Anyway, I digress. Tamra and Vicki had previously gone on a little hike to talk about the Bayside Brawl, and things didn’t go so well, mostly because Tamra wouldn’t just shut up and go along with everything Vicki said, and Vicki gets all panicky and huffy when people disagree with her. As dicussed previously, Vicki may not understand irony but she does understand spite, so instead of taking an hour off to go to her friend’s birthday lunch, she used work as an excuse to skip it and sent her assistant with a gift that appeared to be still in the original shopping bag, plus some tissue paper. In the annals of passive-aggressiveness, Vicki is bucking for a spot on the Hall of Fame.
Not even the copious amounts of booze at her drunken lunch could distract Tamra from her relationships problem, and she spent dinner with him, alternately fawning, arguing, and encouraging him to get drunk. It seemed like every time they sort of had a sweet moment, Simon just had to have SOMETHING to say about what a saint he is for putting up with her, and even if she is sort of vile, he doesn’t get any extra credit since, you know, he was the one that picked her. If he didn’t want her, he shouldn’t have picked her. There are probably scads of dumb women out there who could have been convinced to marry him. That kind of says a lot about America, doesn’t it?
They eventually got on a gondola, even though I have no idea where one finds a gondola outside of Venice. The only thing that could have saved this episode would have been an impromptu capsize, but the boat stayed afloat and I stayed bored. Not even Tamra repeatedly licking Simon’s face brought me as much schadenfreude as it once would have.

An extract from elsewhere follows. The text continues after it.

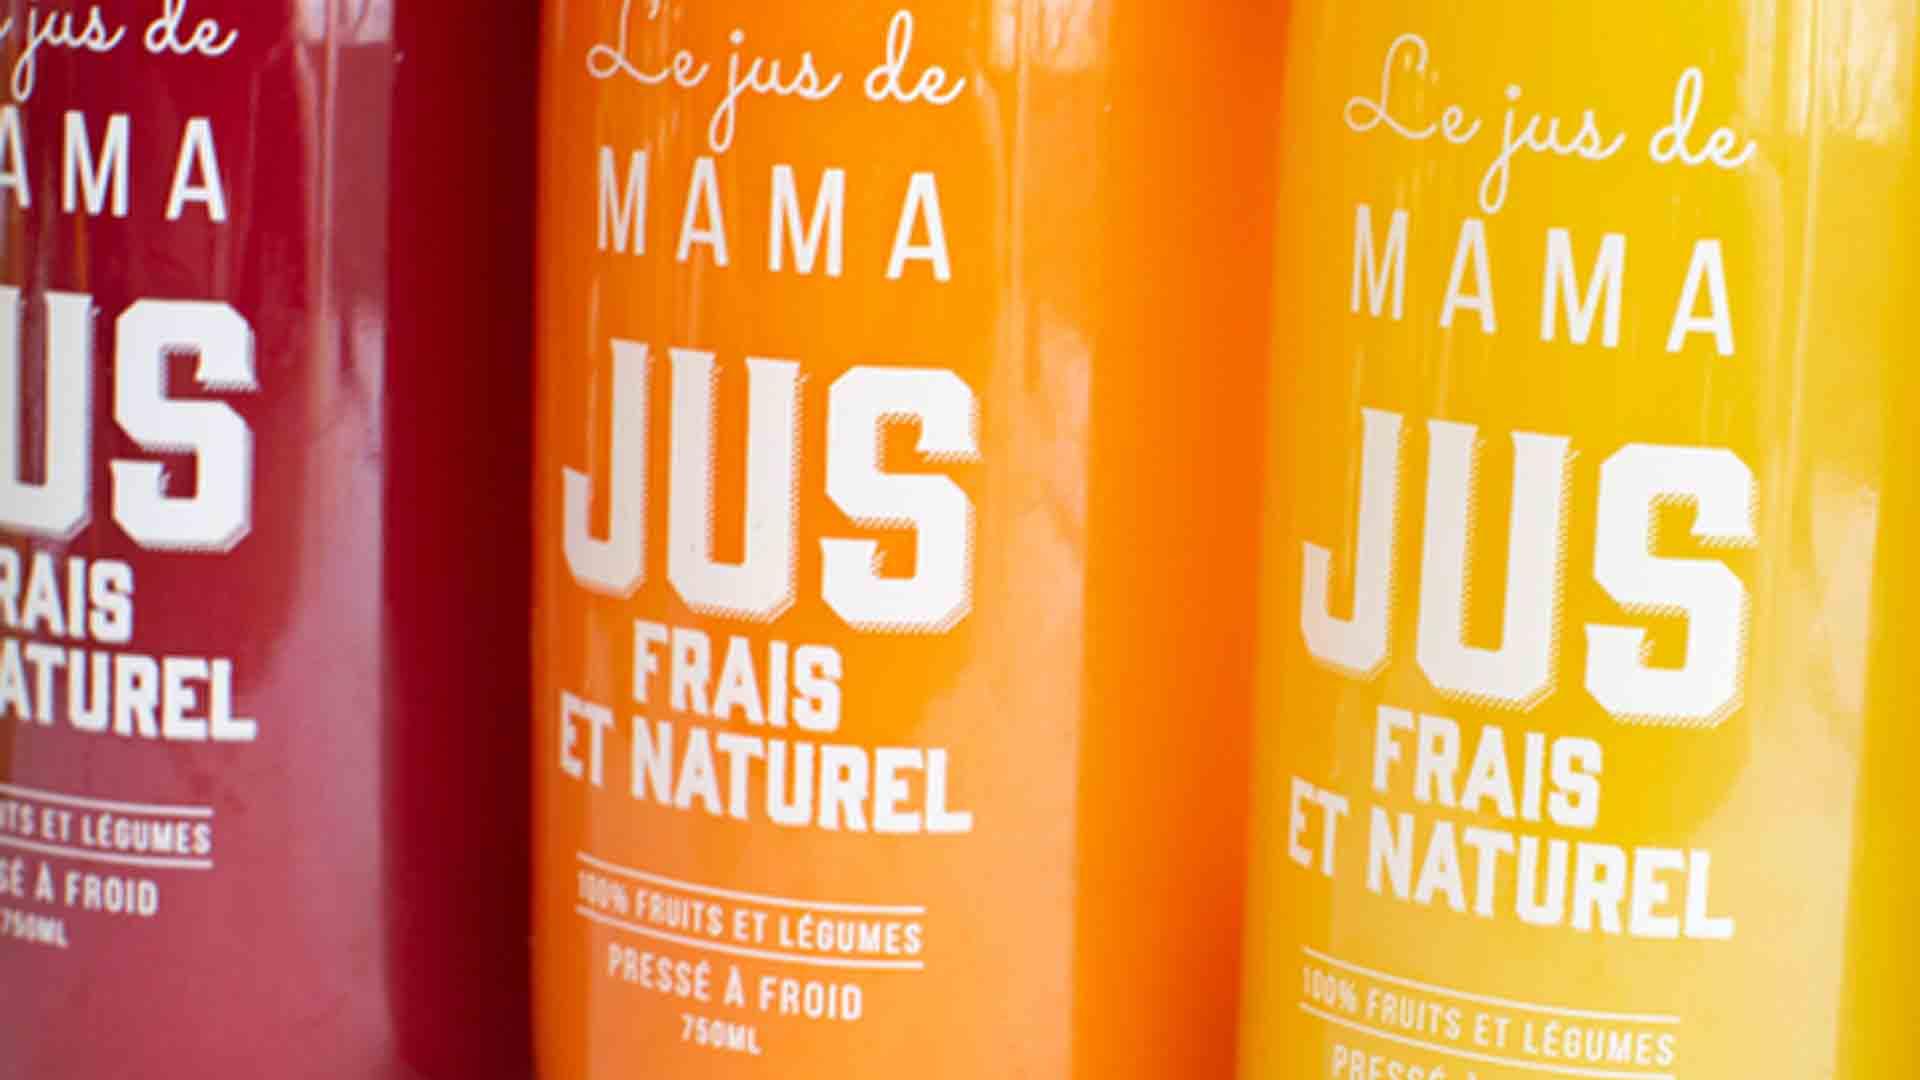 Jus de Mama jus de fruit naturel bouteille consignée eco responsable
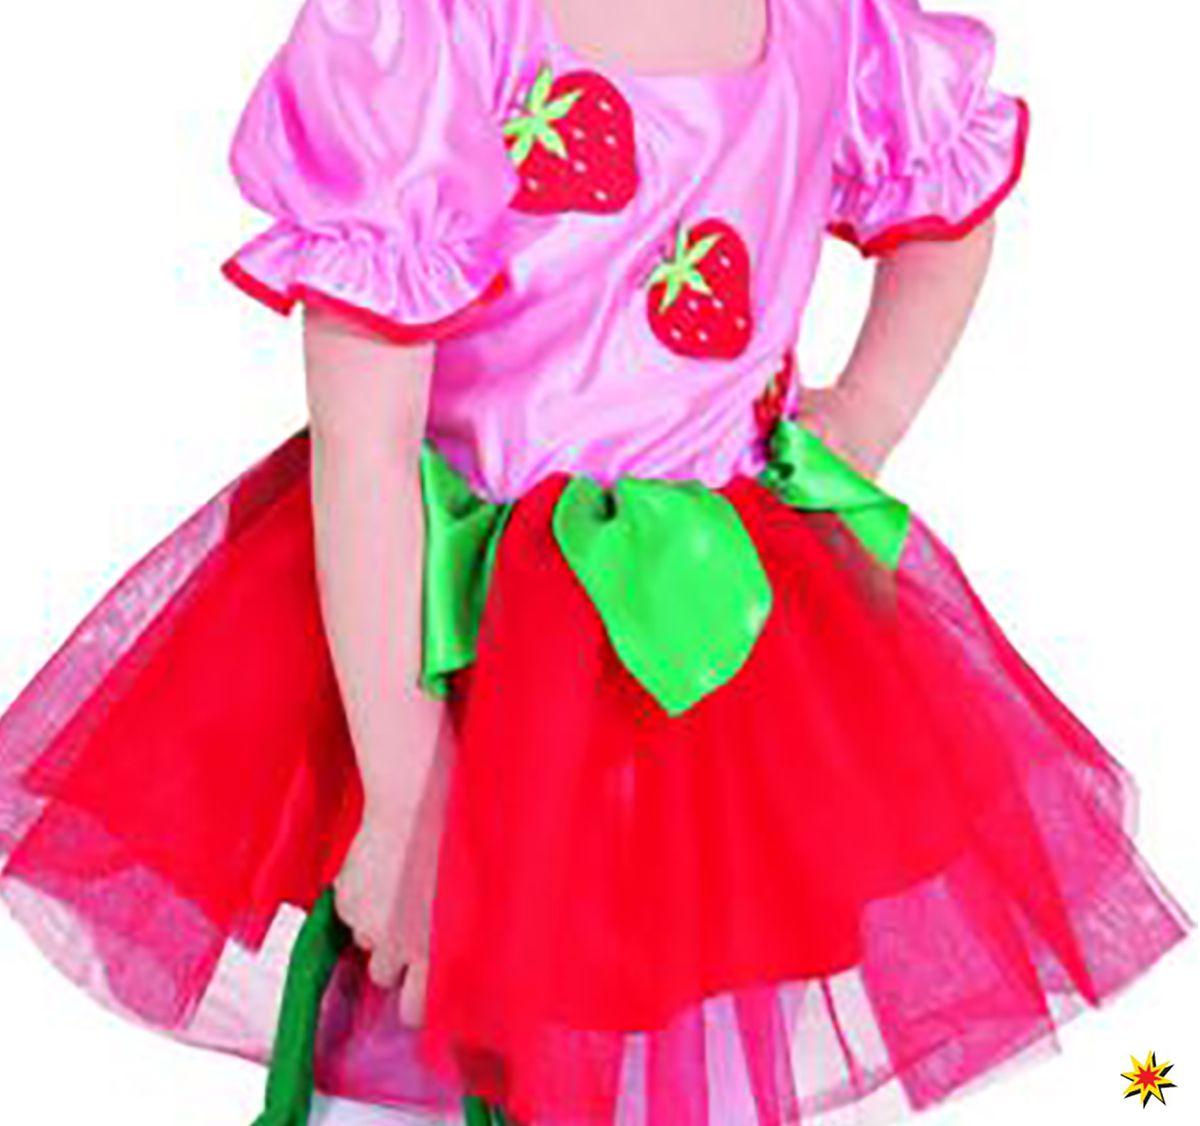 Kinderkostum Erdbeermadchen Kleid Erdbeer Fee

Next week is the season finale, and it makes me wonder how the very first housewives will come back next season, or if they will at all. The bloom is off the rose a bit on this one, and without a brand new crew of crazy Californians, I’m not exactly sure where things go from here. Now that we have housewives that are far more ridiculous in other cities, I need more than Botox and an eviction to make me want to set the DVR.
Speaking of the other Housewives, we also have the NYC premiere next Thursday. Anyone excited? I’ll be recapping it, naturally.